[[Class]] Property of Host Object
Allen Wirfs-Brock
Allen.Wirfs-Brock at microsoft.com
Mon Jul 19 13:49:45 PDT 2010
> -----Original Message-----
> From: Mark S. Miller [mailto:erights at google.com]
...
> Is the following one of those cases:
>
> > The value of the [[Class]] internal property of a host object
> > may be any String value except one of "Arguments", "Array",
> > "Boolean", "Date", "Error", "Function", "JSON", "Math", "Number",
> > "Object", "RegExp", and "String"
>
Yes. As you said in an earlier message, the intent was that the host should environment should not violate specification of the nominal "types" used by the specification. But certainly, a host environment could produce such values and even management them differently as long as it doesn't violate any the semantics for that "type" that appear in the ES5 spec.

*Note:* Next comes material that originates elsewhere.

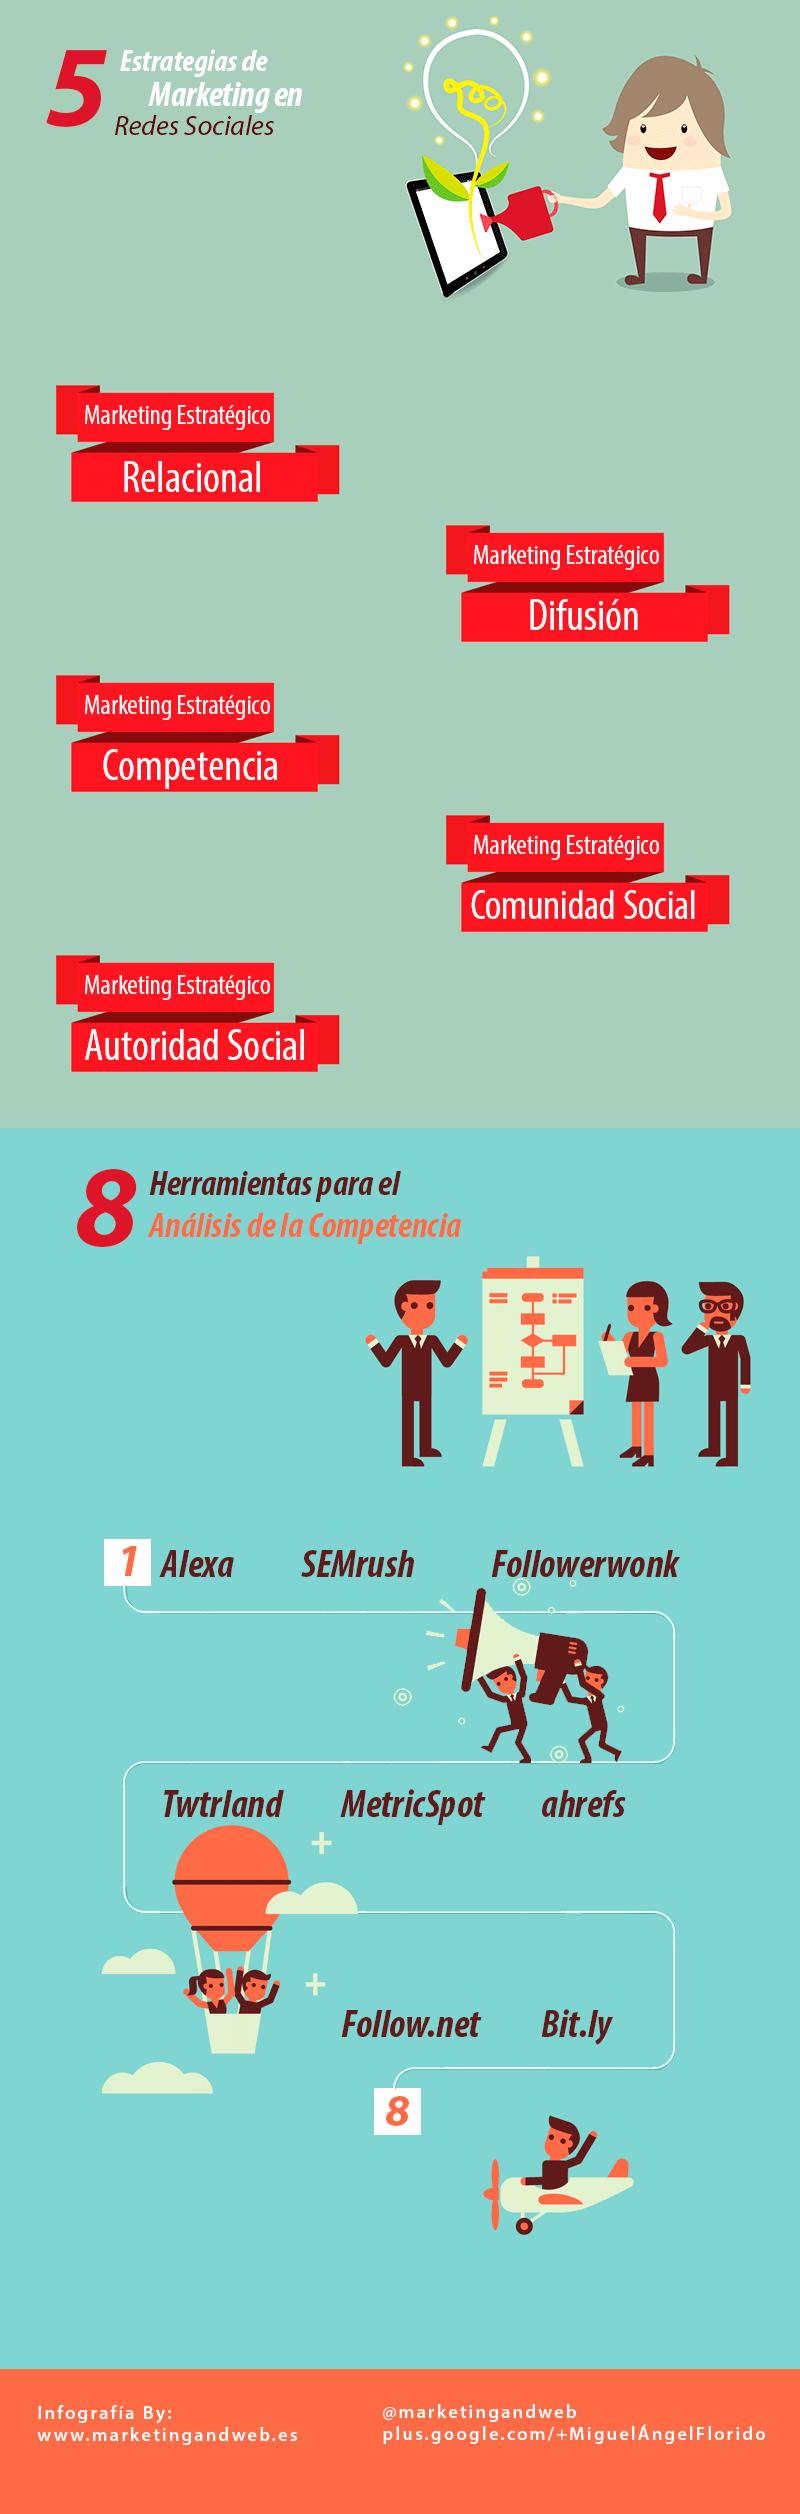 Marketing estratégico en Redes Sociales

> If so, then I think we may simply have a term rotation. Everytime I say "host
> object", and AFAICT every time the spec says "host object" other than the
> definition (4.3.8), both I and it mean what you refer to above as a "non-native
> host object". Also, by your clarification above, a "native host object" seems
> indistinguishable from any other "native object", so I'm not sure what purpose
> the distinction has.
>
Yes, I agree. I think the main "bug" in this regard in the spec. in that the definition in 4.3.8 does not clarify this distinction. But note that 4.3.6 is quite clear that a native object is /any/ object whose semantics are fully defined by the ES5 specification and the note to 4.3.8 says that any object that is not native (ie whose semantics are not fully defined by the ES5 specification) is a host object. The only host objects that the spec. needs to explicitly talk about are host objects that are not native objects.
> In any case, we clearly have a disagreement about our memory of what we took
> these terms to mean. Anyone else who was there, care to weigh in?
>
Do we?? What do you think "host object" means?